■ **PROBLEM TO SOLVE**:
Copy out the data in full and exactly, passing over the pictures.

■ **DATASET CONTENT**:
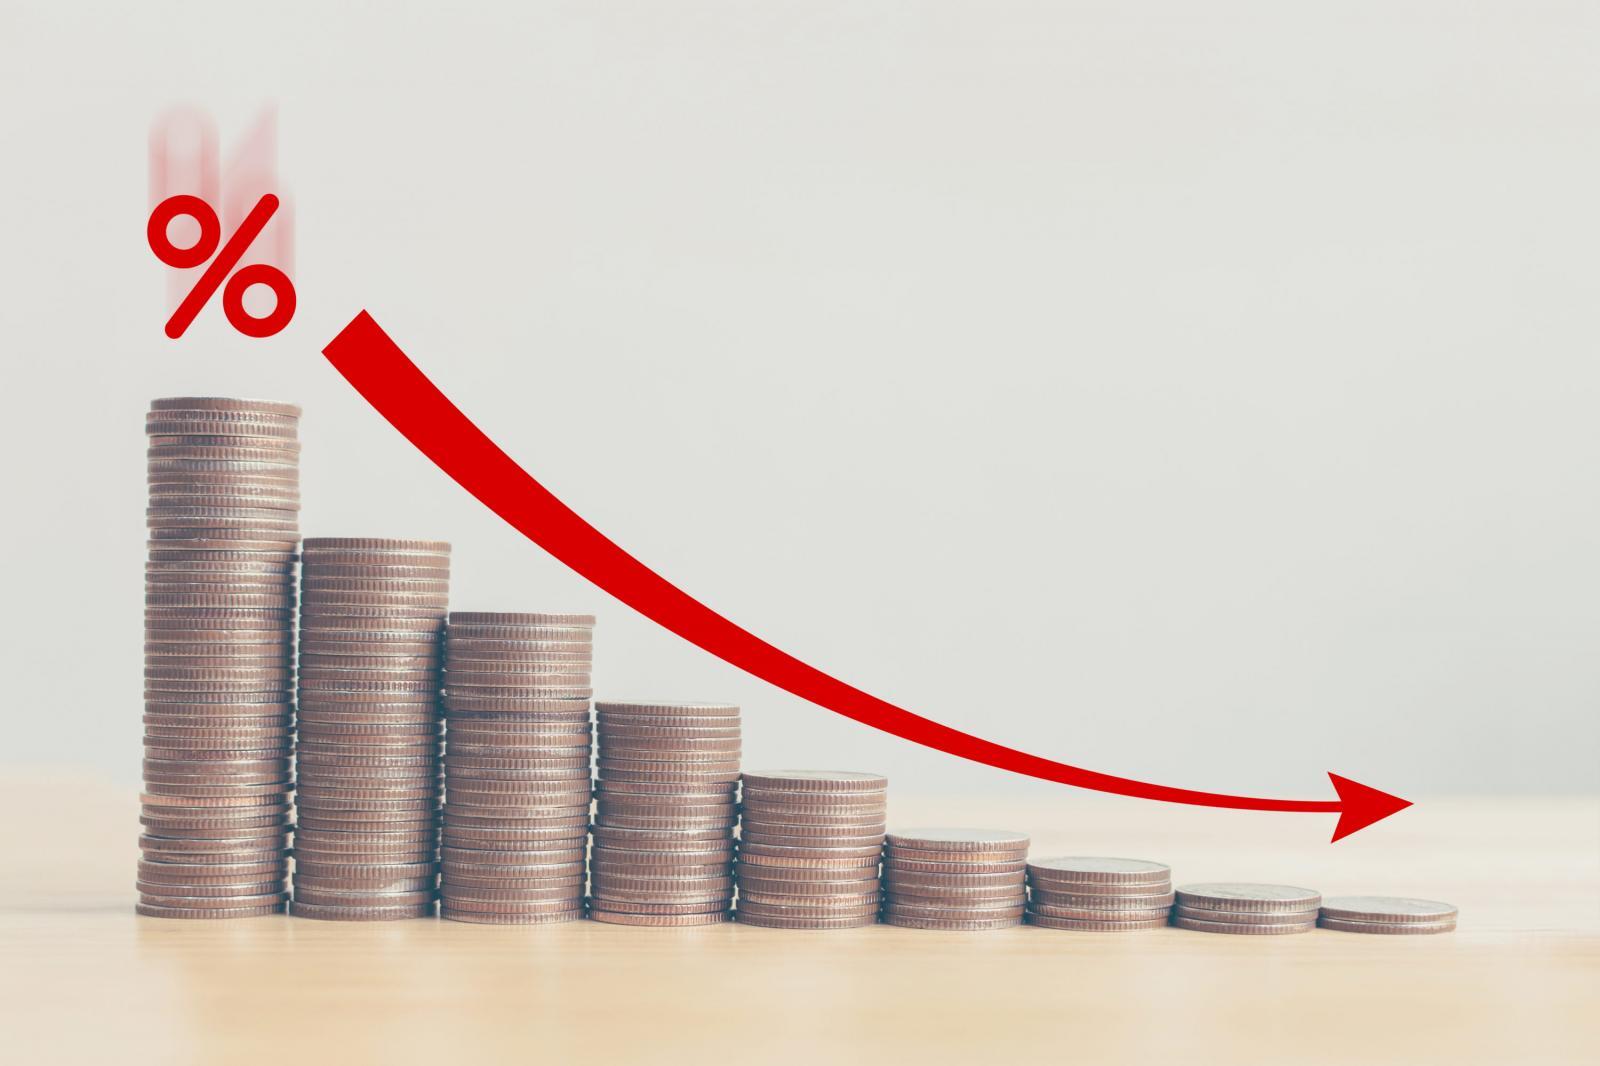 Ngân hàng sẽ xem xét việc giảm lãi suất đối với từng cá nhân, doanh nghiệp
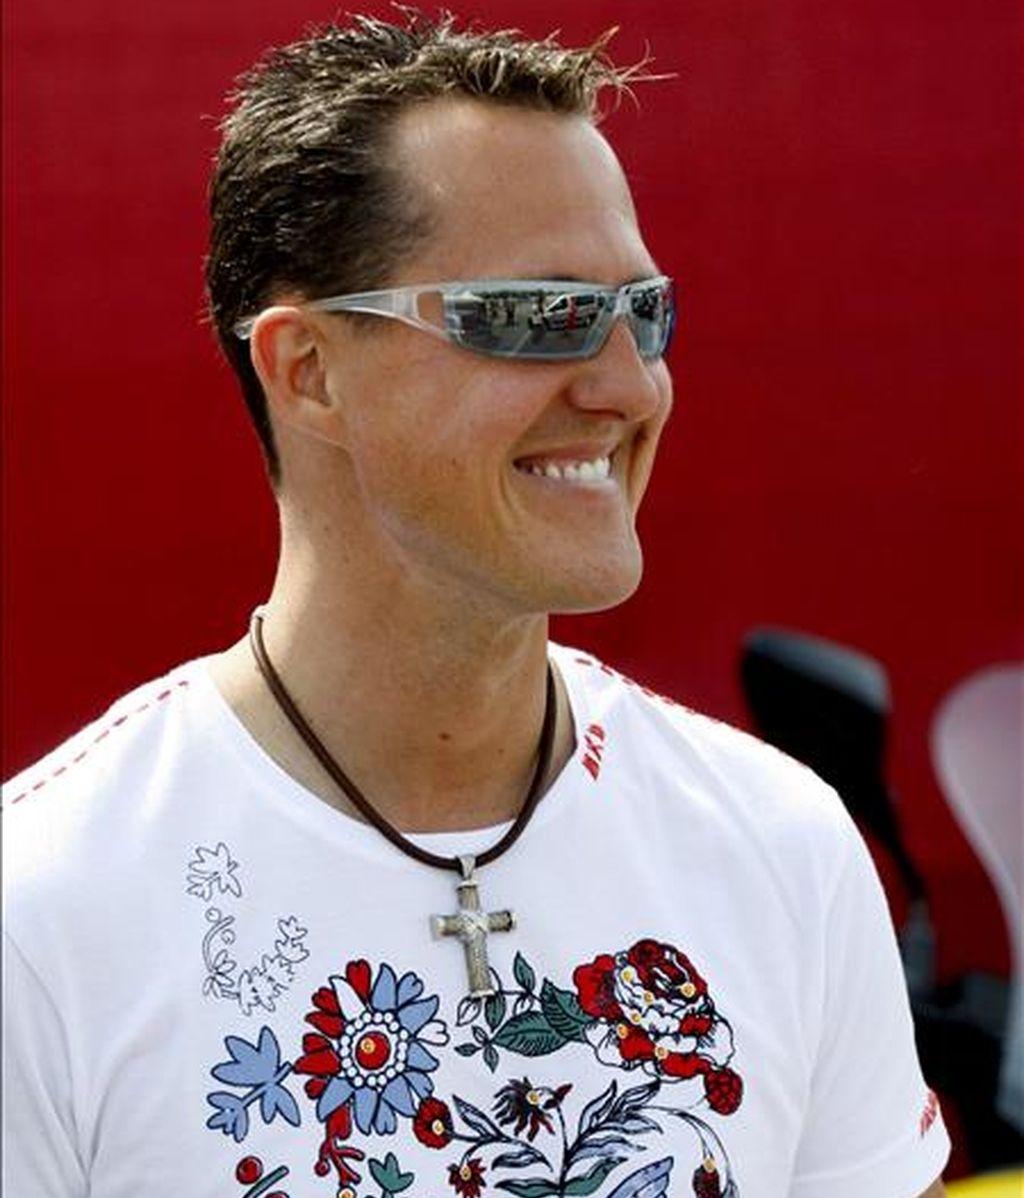 El ex piloto alemán Michael Schumacher, siete veces campeón mundial de Fórmula Uno. EFE/Archivo
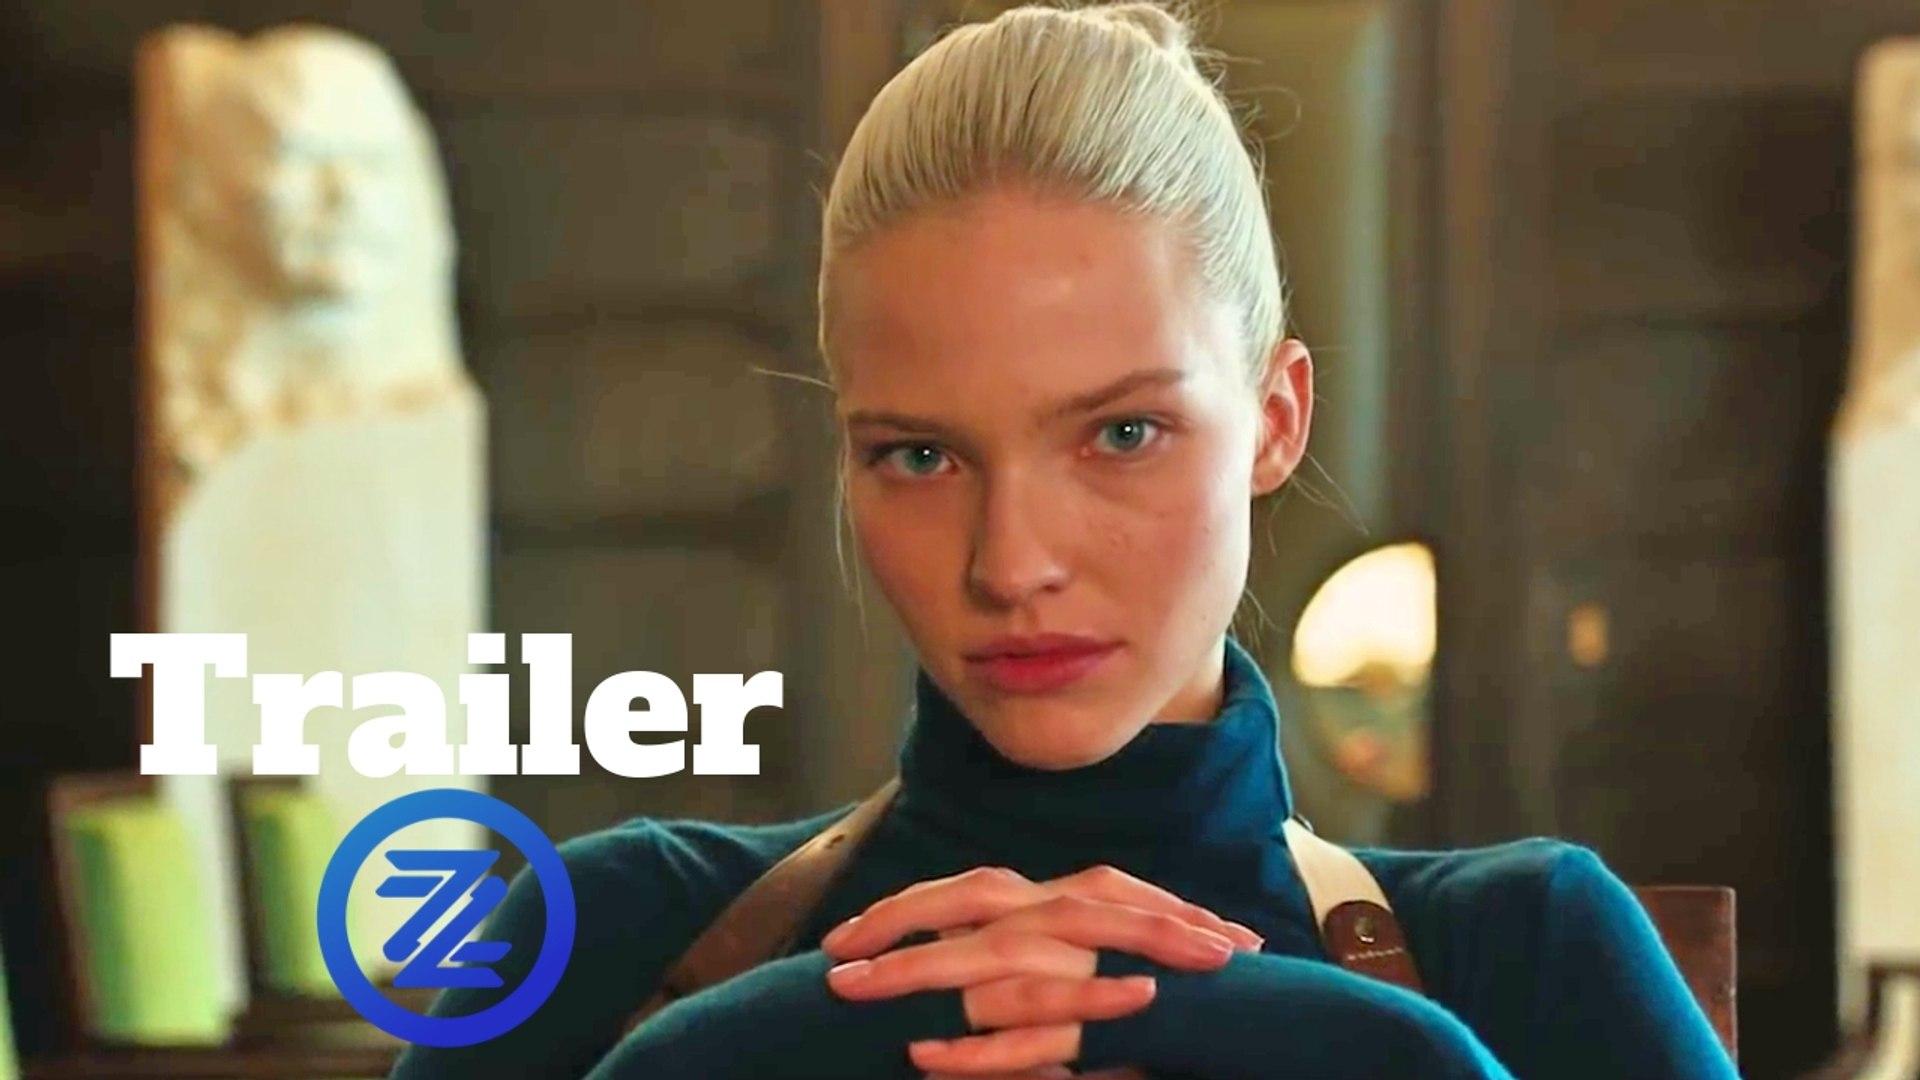 All About Anna 2005 Movie anna trailer #1 (2019) sasha luss, helen mirren thriller movie hd

■ **WRITTEN RESPONSE**:
 Ngân hàng sẽ xem xét việc giảm lãi suất đối với từng cá nhân, doanh nghiệp
 El ex piloto alemán Michael Schumacher, siete veces campeón mundial de Fórmula Uno. EFE/Archivo
 All About Anna 2005 Movie anna trailer #1 (2019) sasha luss, helen mirren thriller movie hd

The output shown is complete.